PROBLEM REQUIREMENTS = Set out exactly, line by line, the stretch of data below that begins at the line containing "Calvin Klein aufgedrucktem" and ends at the line containing "Preuzimanje Mercedesa od", with both ends kept.

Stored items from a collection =
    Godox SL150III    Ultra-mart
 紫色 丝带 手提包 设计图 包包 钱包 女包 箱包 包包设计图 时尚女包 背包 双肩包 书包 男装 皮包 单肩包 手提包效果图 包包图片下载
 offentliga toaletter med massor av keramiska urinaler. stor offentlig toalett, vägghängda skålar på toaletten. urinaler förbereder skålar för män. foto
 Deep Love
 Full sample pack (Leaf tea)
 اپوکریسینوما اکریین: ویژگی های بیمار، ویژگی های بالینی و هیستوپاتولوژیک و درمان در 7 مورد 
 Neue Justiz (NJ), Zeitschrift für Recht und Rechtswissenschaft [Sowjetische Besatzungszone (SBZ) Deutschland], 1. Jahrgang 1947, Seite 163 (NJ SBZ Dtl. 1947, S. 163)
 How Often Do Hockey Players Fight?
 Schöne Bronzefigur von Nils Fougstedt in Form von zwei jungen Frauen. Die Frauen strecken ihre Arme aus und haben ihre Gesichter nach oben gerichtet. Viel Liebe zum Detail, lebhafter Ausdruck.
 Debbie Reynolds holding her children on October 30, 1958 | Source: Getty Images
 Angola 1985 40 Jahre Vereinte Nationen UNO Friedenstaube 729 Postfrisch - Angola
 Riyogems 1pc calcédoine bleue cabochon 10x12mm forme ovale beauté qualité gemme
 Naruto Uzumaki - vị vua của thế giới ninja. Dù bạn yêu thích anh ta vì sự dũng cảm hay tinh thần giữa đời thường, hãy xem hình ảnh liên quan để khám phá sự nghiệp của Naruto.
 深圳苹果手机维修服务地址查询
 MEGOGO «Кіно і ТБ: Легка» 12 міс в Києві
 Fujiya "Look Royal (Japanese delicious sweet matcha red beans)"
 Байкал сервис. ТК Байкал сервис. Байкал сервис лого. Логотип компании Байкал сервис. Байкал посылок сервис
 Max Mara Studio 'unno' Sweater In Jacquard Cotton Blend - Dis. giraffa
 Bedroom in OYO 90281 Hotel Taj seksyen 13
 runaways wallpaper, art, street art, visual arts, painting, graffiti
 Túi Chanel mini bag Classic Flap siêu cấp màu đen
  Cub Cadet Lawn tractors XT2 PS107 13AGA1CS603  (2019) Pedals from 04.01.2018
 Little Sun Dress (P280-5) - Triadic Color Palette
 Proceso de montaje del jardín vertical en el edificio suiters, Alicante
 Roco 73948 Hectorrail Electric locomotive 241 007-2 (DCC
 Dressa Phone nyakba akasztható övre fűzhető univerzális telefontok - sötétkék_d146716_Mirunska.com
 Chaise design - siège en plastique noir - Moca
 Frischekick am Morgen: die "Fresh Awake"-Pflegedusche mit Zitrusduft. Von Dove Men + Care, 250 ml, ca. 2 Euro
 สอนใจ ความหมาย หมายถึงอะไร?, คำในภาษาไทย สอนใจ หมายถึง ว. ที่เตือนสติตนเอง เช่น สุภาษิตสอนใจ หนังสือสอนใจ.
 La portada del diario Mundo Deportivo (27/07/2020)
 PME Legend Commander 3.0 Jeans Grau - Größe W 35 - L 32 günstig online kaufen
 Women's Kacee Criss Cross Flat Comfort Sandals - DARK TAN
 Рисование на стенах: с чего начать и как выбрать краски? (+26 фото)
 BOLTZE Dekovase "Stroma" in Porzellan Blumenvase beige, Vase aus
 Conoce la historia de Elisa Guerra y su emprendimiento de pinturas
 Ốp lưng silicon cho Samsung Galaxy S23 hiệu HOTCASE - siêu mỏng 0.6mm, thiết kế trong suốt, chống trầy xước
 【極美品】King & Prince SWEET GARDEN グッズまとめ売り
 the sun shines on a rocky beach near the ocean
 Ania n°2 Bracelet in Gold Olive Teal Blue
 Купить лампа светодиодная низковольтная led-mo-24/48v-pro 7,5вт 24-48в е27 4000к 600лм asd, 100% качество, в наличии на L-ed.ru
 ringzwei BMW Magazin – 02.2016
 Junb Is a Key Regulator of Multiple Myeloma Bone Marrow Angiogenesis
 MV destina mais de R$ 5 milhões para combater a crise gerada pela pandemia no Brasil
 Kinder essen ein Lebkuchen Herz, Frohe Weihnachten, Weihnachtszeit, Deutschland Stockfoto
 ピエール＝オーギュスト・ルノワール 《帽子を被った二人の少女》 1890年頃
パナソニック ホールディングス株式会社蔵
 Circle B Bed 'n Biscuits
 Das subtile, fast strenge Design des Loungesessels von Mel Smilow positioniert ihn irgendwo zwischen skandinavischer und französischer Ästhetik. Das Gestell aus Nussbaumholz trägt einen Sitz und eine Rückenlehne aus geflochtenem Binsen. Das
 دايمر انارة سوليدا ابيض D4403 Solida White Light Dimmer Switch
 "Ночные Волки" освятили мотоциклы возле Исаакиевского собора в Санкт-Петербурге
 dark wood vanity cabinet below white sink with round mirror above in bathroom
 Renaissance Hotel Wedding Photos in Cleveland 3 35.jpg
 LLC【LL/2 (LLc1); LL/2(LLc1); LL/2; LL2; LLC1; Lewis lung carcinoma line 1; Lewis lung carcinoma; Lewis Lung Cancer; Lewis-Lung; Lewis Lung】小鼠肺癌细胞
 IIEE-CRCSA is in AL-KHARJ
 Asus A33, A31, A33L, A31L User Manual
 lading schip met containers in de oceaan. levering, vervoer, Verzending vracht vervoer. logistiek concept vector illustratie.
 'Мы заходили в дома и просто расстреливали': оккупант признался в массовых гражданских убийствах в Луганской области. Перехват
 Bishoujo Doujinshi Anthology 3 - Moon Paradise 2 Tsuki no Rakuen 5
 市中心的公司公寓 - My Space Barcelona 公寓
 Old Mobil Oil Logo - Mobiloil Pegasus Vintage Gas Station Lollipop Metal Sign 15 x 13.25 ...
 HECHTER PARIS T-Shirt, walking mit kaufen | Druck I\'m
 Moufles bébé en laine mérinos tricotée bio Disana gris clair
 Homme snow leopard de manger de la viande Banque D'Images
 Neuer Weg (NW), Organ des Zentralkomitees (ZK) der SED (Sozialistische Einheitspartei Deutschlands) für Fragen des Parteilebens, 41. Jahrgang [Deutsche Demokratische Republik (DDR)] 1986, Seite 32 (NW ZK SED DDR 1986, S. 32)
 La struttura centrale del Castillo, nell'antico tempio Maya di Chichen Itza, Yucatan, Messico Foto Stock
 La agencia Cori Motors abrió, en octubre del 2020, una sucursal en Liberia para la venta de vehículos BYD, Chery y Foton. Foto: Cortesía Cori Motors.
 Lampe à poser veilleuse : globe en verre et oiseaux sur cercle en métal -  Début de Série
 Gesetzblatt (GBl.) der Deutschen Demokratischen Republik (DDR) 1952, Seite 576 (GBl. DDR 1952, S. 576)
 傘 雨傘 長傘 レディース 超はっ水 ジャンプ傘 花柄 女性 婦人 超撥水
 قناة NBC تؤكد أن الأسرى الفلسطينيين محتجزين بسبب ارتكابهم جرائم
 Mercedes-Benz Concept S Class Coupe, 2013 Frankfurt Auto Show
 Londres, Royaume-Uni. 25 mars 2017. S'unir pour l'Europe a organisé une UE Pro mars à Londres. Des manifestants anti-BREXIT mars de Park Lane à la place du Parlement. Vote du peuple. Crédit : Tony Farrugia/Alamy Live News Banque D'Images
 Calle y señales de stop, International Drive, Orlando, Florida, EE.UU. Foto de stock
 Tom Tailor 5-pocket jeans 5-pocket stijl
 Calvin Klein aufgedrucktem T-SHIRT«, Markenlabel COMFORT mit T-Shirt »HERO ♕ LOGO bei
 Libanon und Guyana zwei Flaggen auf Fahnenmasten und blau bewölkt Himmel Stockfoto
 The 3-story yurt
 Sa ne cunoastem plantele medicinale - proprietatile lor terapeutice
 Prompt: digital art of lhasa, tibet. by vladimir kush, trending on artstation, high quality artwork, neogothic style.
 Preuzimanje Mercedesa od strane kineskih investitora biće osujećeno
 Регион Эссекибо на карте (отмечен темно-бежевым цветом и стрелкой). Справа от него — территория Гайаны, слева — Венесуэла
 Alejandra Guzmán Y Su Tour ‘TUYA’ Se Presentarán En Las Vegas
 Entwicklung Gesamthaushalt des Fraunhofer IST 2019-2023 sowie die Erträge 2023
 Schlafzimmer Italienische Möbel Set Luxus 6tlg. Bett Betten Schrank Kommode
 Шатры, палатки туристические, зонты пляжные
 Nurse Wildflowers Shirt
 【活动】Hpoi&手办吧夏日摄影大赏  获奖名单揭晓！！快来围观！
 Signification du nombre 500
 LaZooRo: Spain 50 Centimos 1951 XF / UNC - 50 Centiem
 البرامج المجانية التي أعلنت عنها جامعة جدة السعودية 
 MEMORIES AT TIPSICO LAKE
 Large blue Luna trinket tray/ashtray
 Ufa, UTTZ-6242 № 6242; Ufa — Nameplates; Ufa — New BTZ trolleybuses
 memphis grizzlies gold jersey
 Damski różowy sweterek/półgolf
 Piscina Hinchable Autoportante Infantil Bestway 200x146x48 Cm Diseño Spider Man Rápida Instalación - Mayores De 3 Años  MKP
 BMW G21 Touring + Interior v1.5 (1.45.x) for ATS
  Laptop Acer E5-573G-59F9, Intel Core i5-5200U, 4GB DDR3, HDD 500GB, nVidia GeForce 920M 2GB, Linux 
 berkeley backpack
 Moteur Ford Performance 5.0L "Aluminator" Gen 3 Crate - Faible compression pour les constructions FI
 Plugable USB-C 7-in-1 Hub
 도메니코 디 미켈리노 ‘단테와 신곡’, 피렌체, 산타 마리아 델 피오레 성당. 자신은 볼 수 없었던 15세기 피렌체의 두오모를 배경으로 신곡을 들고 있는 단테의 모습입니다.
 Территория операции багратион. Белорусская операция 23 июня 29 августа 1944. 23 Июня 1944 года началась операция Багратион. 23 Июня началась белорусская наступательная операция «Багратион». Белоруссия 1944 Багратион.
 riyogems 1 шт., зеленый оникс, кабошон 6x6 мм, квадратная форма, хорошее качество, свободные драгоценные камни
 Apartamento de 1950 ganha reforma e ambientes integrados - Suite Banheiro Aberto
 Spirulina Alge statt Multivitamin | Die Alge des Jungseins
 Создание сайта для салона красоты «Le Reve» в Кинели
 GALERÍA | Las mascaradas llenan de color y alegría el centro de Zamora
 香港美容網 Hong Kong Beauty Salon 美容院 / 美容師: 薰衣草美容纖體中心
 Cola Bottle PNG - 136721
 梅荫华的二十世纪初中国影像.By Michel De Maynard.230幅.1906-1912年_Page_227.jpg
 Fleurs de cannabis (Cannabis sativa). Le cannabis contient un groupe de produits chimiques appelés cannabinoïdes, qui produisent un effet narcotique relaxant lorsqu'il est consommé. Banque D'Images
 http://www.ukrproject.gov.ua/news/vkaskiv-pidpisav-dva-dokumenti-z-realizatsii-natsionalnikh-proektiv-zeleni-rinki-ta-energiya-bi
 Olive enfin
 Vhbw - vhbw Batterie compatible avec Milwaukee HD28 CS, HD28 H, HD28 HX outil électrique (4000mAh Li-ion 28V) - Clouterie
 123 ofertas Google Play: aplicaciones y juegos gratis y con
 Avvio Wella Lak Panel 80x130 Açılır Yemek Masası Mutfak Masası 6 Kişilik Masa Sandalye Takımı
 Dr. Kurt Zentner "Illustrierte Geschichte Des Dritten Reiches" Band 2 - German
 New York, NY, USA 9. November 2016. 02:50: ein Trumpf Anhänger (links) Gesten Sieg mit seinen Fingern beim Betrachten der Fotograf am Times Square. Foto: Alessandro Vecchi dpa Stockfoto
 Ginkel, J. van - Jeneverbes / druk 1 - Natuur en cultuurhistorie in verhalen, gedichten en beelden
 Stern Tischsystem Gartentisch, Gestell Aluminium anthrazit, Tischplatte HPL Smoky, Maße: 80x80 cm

COMPLETED TASK =
 Calvin Klein aufgedrucktem T-SHIRT«, Markenlabel COMFORT mit T-Shirt »HERO ♕ LOGO bei
 Libanon und Guyana zwei Flaggen auf Fahnenmasten und blau bewölkt Himmel Stockfoto
 The 3-story yurt
 Sa ne cunoastem plantele medicinale - proprietatile lor terapeutice
 Prompt: digital art of lhasa, tibet. by vladimir kush, trending on artstation, high quality artwork, neogothic style.
 Preuzimanje Mercedesa od strane kineskih investitora biće osujećeno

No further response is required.